There is another basic mechanical reason that drugs produce unwanted side effects. Drugs are chemicals. Whenever foreign chemicals are introduced into the body, they can interact with our body’s natural free-floating chemicals (known as metabolites, the by-products of healthy physiological processes) in undesirable ways. A drug can serve as
an imperfect substitute for the metabolites, for instance, causing our body’s processes to operate in a flawed manner. A drug can even undergo a direct chemical reaction with our body’s metabolites, producing new and possibly toxic compounds.
Very often it is simply not possible for a chemical to produce beneficial effects without also producing unpleasant, harmful, or dangerous effects, so the drug hunter (and the FDA) must always weigh the balance between these positive and negative responses before deciding if a particular drug is suitable for human use.

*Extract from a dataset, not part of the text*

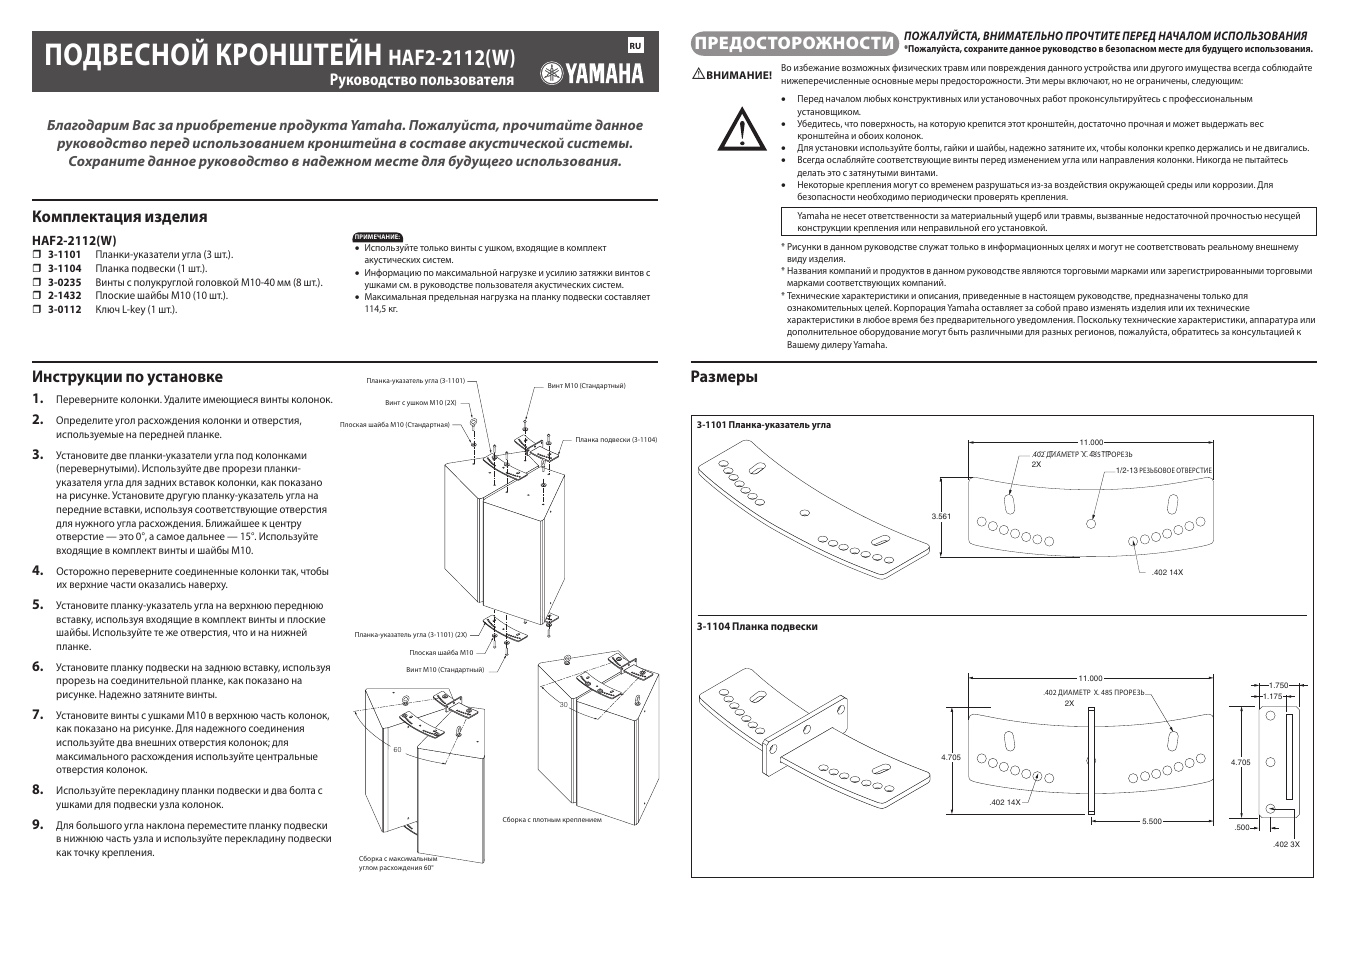 Инструкция по эксплуатации Yamaha haf2-2112 | 1 cтраница

To find new cures and remedies, we must be willing to take some risk. Without risk, it is simply not possible to develop novel drugs. We can reduce this risk by establishing more regulations, but these regulations impose ever increasing costs on drug development, to the point where today the average cost of developing a new drug has been estimated to be in the range of 1.4 to 1.6 billion dollars. This exorbitant financial bar ensures that very few promising drugs will ever make it out of the planning stages. If we want to eliminate the prospect of another fen-phen disaster, the only solution is to expand the regulations for approving drugs to ensure that a wide variety of drug combinations is also evaluated, thereby increasing the cost of developing new drugs even further—which will reduce the number of new drugs even further. This remains the most daunting barrier to drug hunting in the modern era. It is almost inconceivably expensive to safely search for new drugs, but without those exorbitant safety expenses, vulnerable people might get injured or die.
In addition, the FDA remains a government bureaucracy, with certain ineliminable inefficiencies that can disrupt or deter the development of useful drugs. As one example, in the late 1980s one of my colleagues at the pharma company I was working for resigned in a pique of anger at our bosses and took a job at the FDA. This type of career move from Big Pharma to the FDA happens all the time, so I did not think too much about it. I continued my daily work on drug development. But then I started to notice that some of our submissions to the FDA were receiving extraordinary scrutiny. Each time we submitted a report, the FDA found trivial and obviously unintentional errors, and demanded that we revise and re-submit our work. Delays stretched on and on. Even worse, all these re-submissions meant our costs were steadily mounting.